What We Learned From The Moonpig Website Bug

How should companies respond to vulnerability discoveries and do they have an ethical obligation to protect customer data?

When developer Paul Price published a blog this week detailing what he described as a serious vulnerability in Moonpig’s website, the popular greetings card company shut down its mobile apps while it investigates the matter.

Price, however, claims to have first warned the company about the flaw way back in 2013 and only went public due to what he says is Moonpig’s inaction to fix the problem.

The vulnerability is said to lie in the website’s application programming interface (API), a set of routines, protocols, and tools for building software applications.

The flaw gave hackers access to customer ID numbers by sending in an API request, which required no authentication. API calls were not rate-limited, so attackers could work their way through different combinations until they discovered each customer ID. As well as accessing contact details, they could see the last four digits of a saved credit card and place orders on someone else’s card.

The issue is very serious, with about three million customers’ data potentially at risk should the flaw be genuine. So what can we learn from this? Here’s what industry commentators have to say:

Eldar Tuvey, CEO of mobile security company Wandera

The latest Moonpig security breach highlights the continued vulnerabilities in mobile app security. During 2014 we saw a number of high profile hacks including the iCloud leak and Forbes.com.

moonpigWe know that increasingly people are using apps on both their personal and work phones – latest Wandera research reveals 70% of users are exposed to insecure apps on their mobile devices, which for businesses presents a big risk to corporate security, as well as personal information.

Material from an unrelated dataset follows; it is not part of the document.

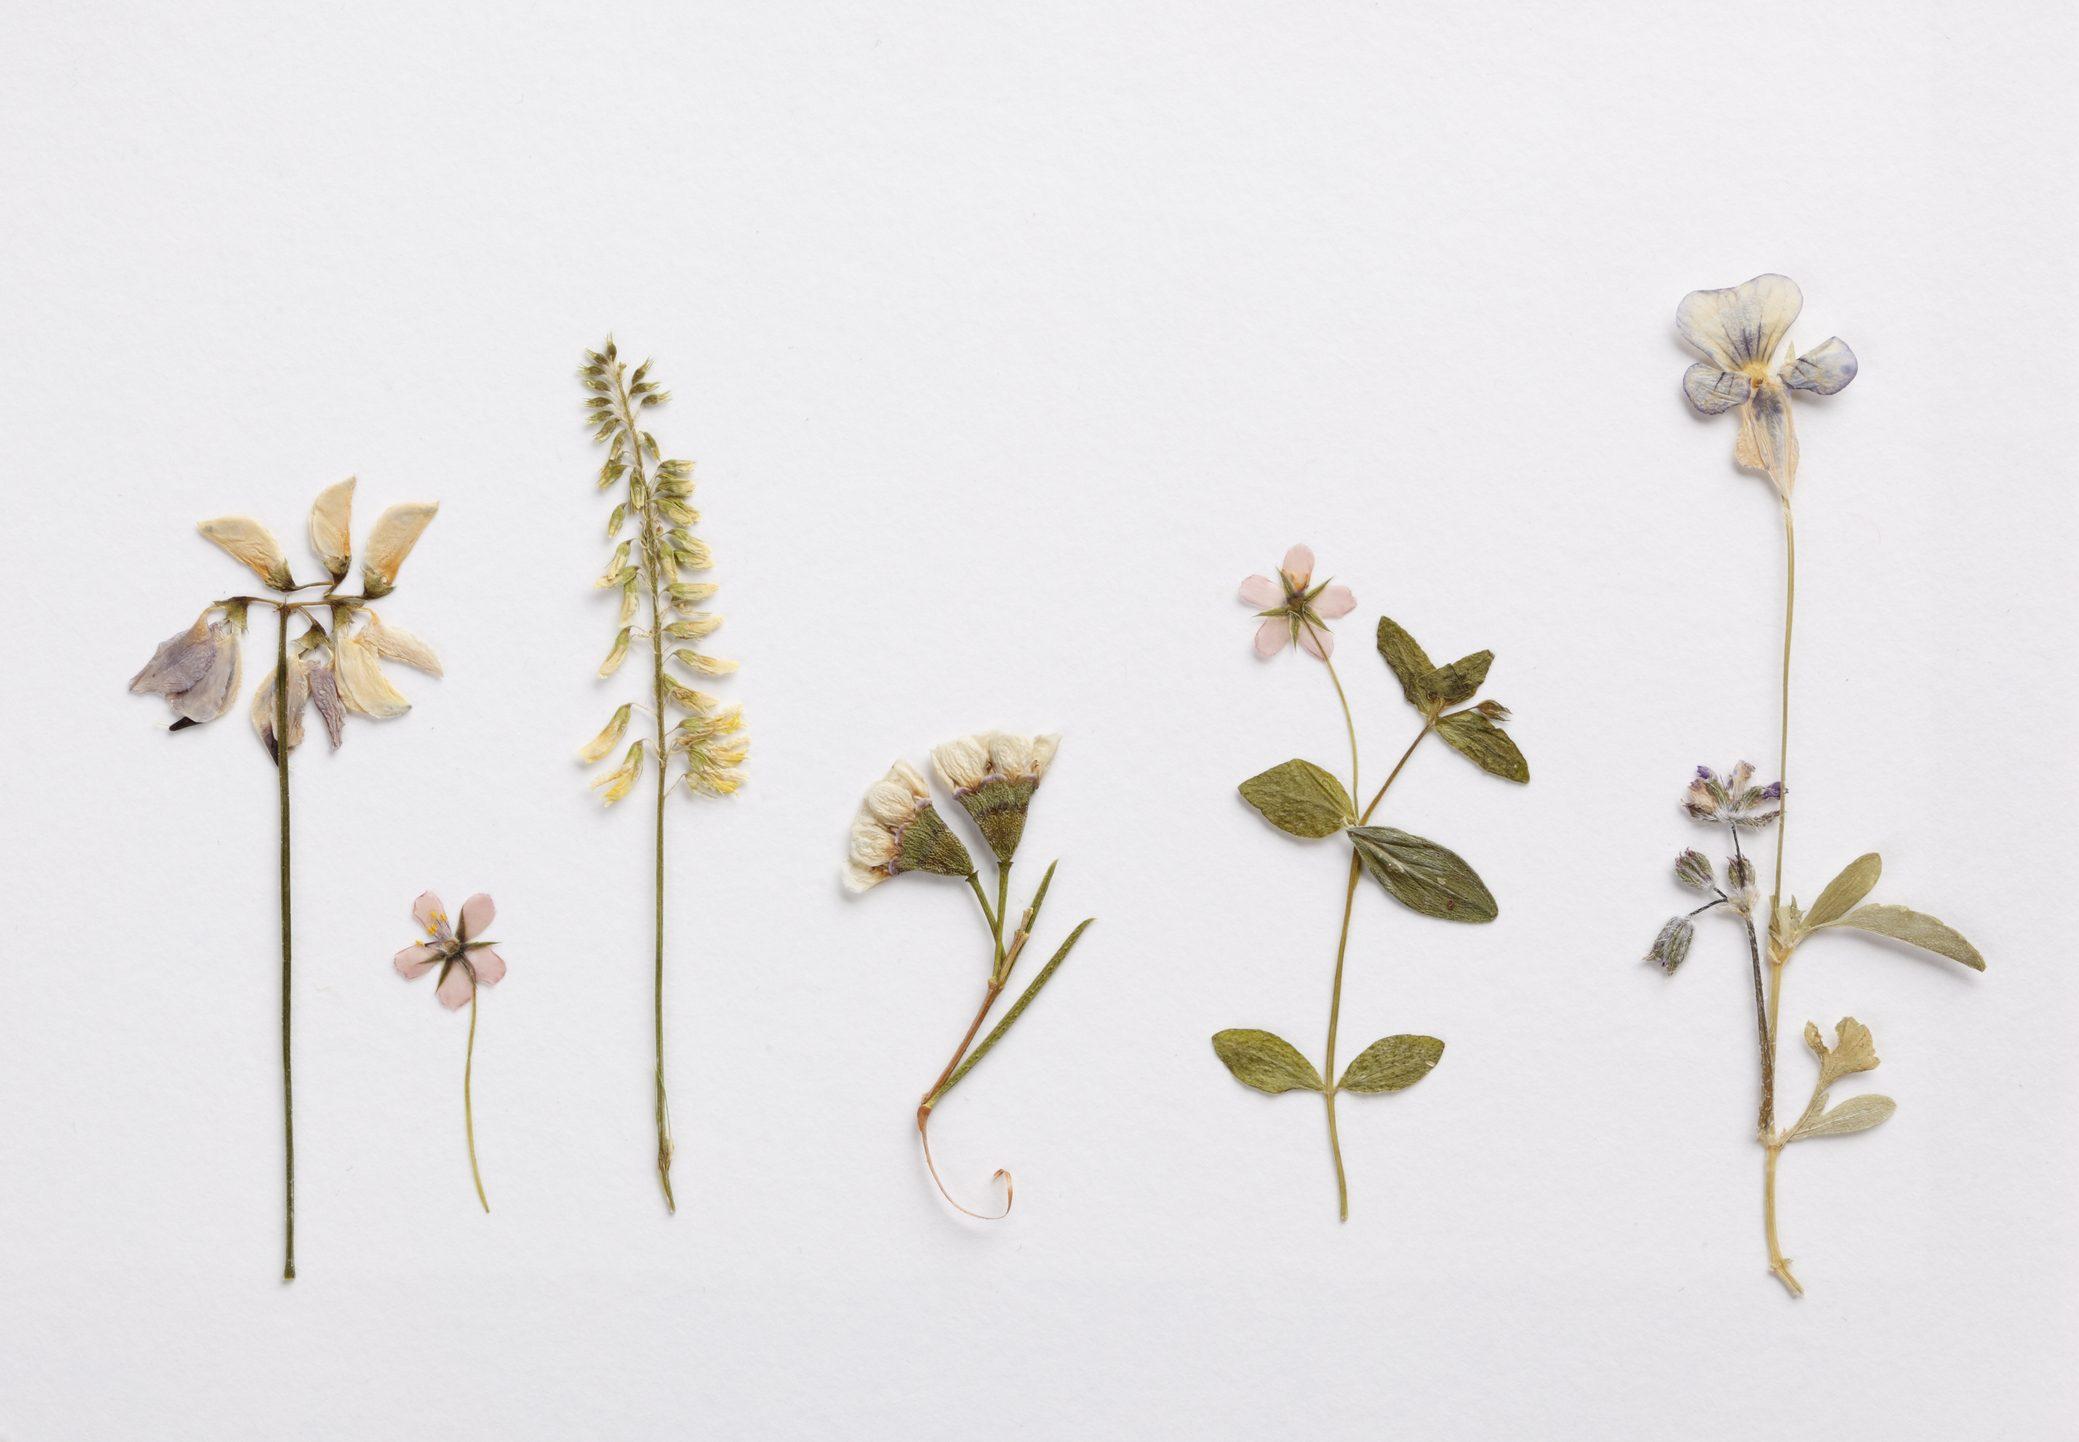 Ghirlanda pasquale fai da te fiori pressati

This case is a reminder that well-known brands and big businesses need to take mobile security more seriously than ever before, as it’s crucial to always protect customers data and own corporate data. Poor programming often results in apps inadvertently leaking sensitive user information, opening a window of opportunity for a hacker to look into customers’ credit card details and obtain other personal information from their accounts. We see 1 to 2 new apps used in our network of global employees every day which suffer from this vulnerability.

Apps using only basic authentication can in some scenarios open up the possibility of a Man in the Middle Attack being staged. Having a multi-layered mobile security solution in place is critical, and utilising algorithms to detect patterns that signal malicious or risky behaviour is proving to be an effective solution.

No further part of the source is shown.